As people increasingly promote themselves through social and professional networks, headshots and portraits are no longer just for models and actors. They’re becoming an important way for many people – business owners, job seekers, executives, consultants – to market themselves. In this post, I’ll outline what to expect from a headshot or portrait shoot, and how to prepare.

The Photographer

Most people don’t like having their photo taken. Add to this that, by their nature, headshot sessions are very “in your face”, and you can see the importance of choosing a photographer who you will be comfortable with. First, take a look through their website to get an idea of their style. Any photographer worth their salt will be comfortable shooting a range of styles, but their website will give you a good first impression.

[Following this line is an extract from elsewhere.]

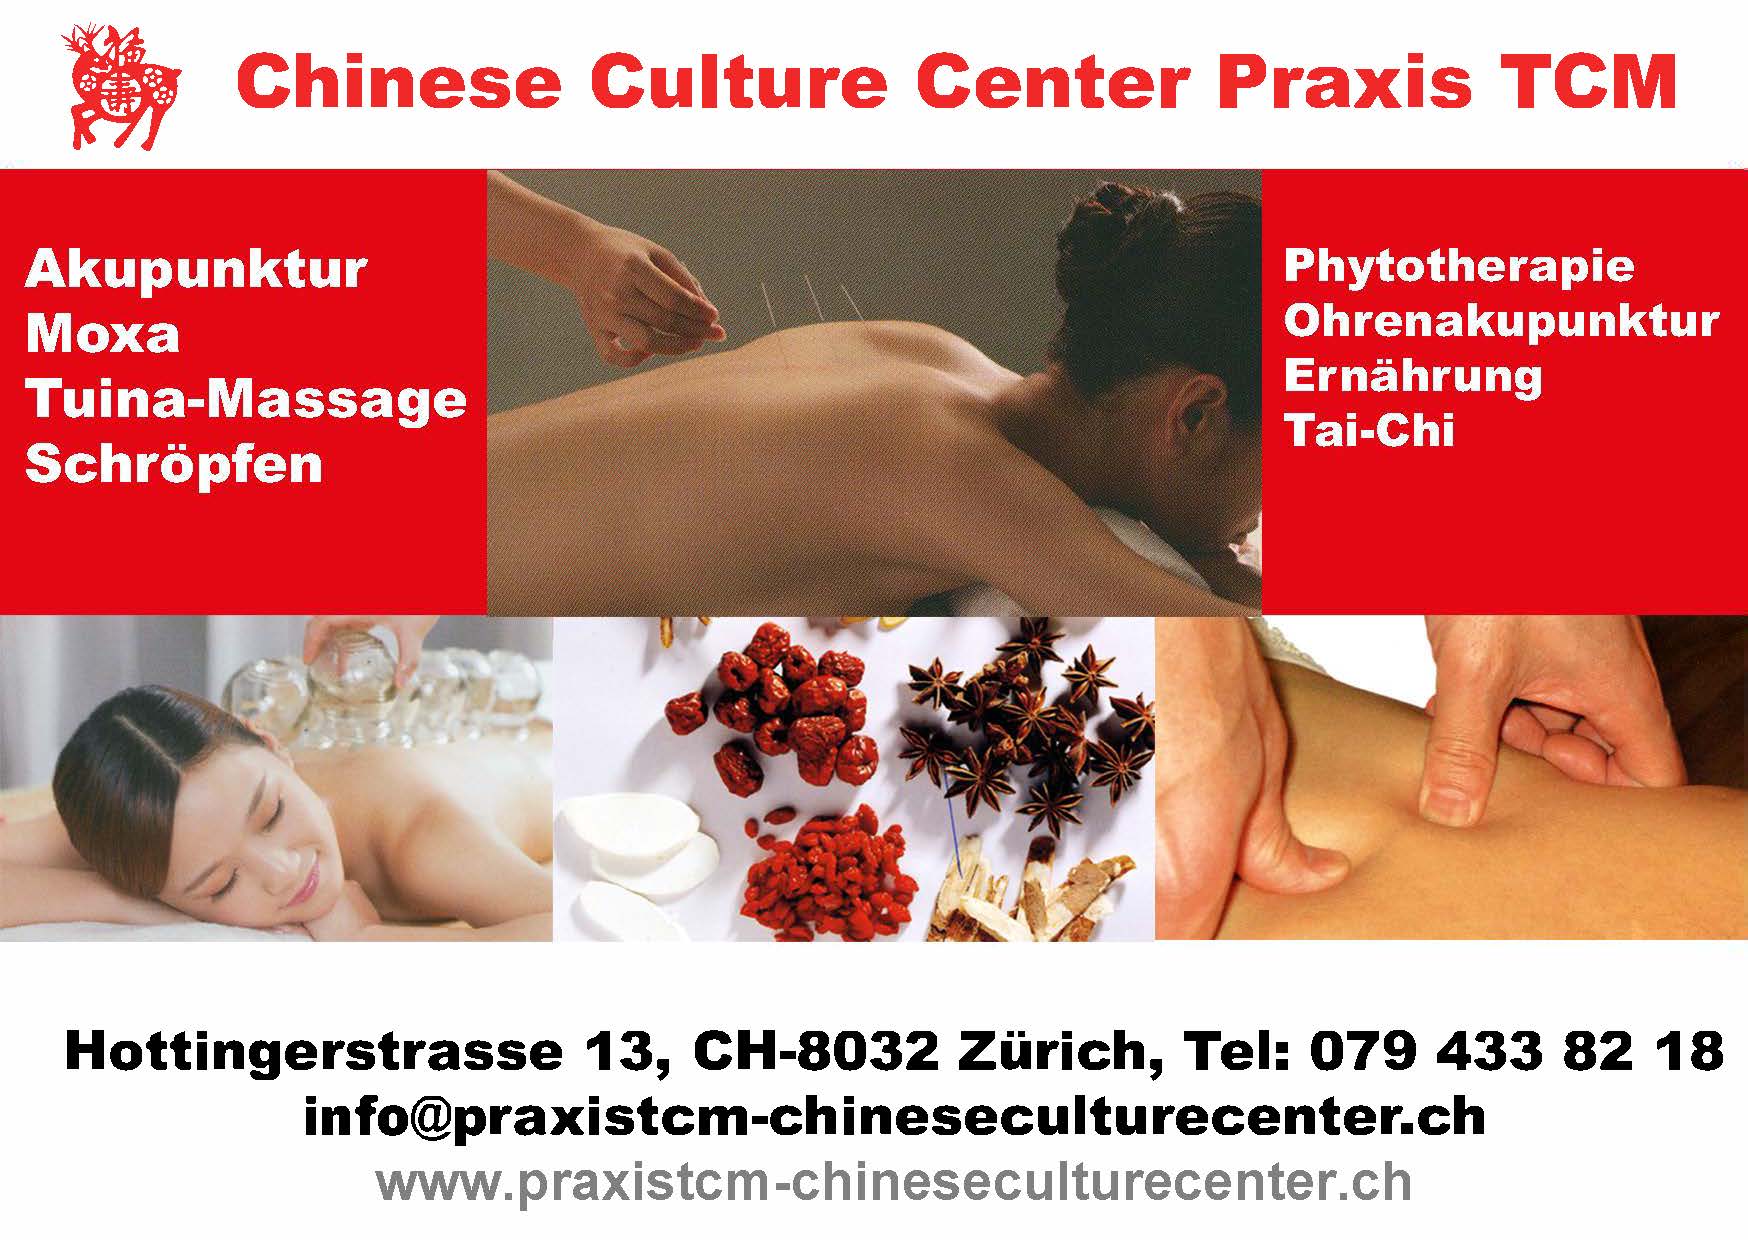 Chinese Culter Center Praxis TCM - Jianguo Ma

Next, talk to the photographer. How does the conversation go? Did you like them? Did they ask about what you’re hoping to get from the shoot? Did they talk you through how their sessions work? Did they make you feel comfortable? If not, they’re probably not right for you.

Headshot Styles

The most common, traditional style is the vertical portrait. Generally close-cropped head and shoulders, in front of a plain background, like the examples below.

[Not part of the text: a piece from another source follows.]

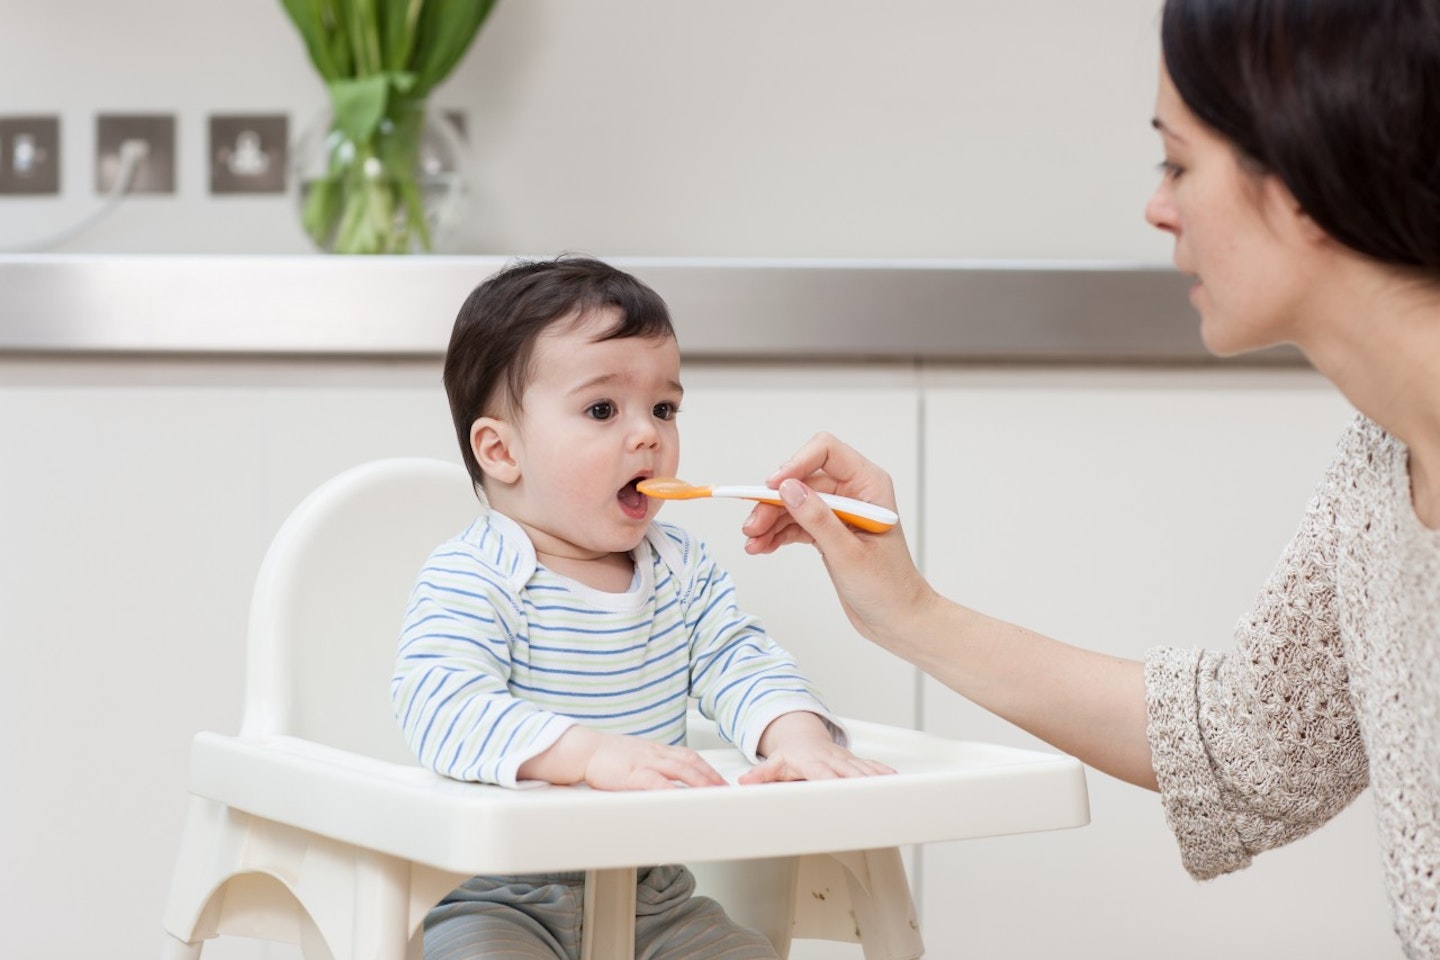 6 Foods Your Baby Needs To Eat This Winter

Another option for ‘studio-style’ headshots is to have them composed in a horizontal/landscape orientation like those below. Personally, I find this style a little more engaging and relaxed. In a corporate setting, this style also allows for the inclusion of company signage or branding in the background. Typically, during a session I will shoot a combination of vertical and horizontal compositions and provide clients with both options.

‘Environmental’ portraits or headshots are typically taken outside or in some other non-studio location such as your workplace. This style can be a little more relaxed, and is much better for telling the story of who you are and what you do.

Before the Shoot

Once you’ve chosen a photographer and made a booking for a session, it’s time to start getting prepared. Things to do before the shoot include:

Clothes

  • Select an outfit or a few combinations of clothes that represent you, and make you comfortable
  • For men especially, quite a few combinations are possible with only limited changes – tie, no tie, jacket, no jacket, jacket and tie, jacket and no tie. It all depends on the image you’re wanting to present, and during the shoot, we will cover most, if not all of these combinations.
  • Solid colours are best to reduce distraction, but if wearing bright patterns is part of who you are, then that’s what’s important. We’ll make it work. Just try and avoid intricate, busy patterns which may not photograph well.
  • For the bottom half, you might be tempted just to wear a pair of boardshorts – you know, like the newsreaders do behind the desk. Most times, this will be OK, but sometimes your shirt won’t sit properly with this combination. Try it out before the shoot. Shoes though? Wear whatever’s comfortable.

Hair

It’s Brisbane. It’s humid, particularly in summer. Your hair’s going to get a little frizzy. Bring along a brush or comb, and maybe some product, to take care of those fuzzy flyaways.

Face

Makeup can help to hide any blemishes or cut down on shiny skin, but there’s no need to go overboard. If you usually wear makeup, just put on what you normally would for a day at work. Bring some makeup with you to make any touchups during the shoot, along with some lip gloss or balm to keep your lips looking soft.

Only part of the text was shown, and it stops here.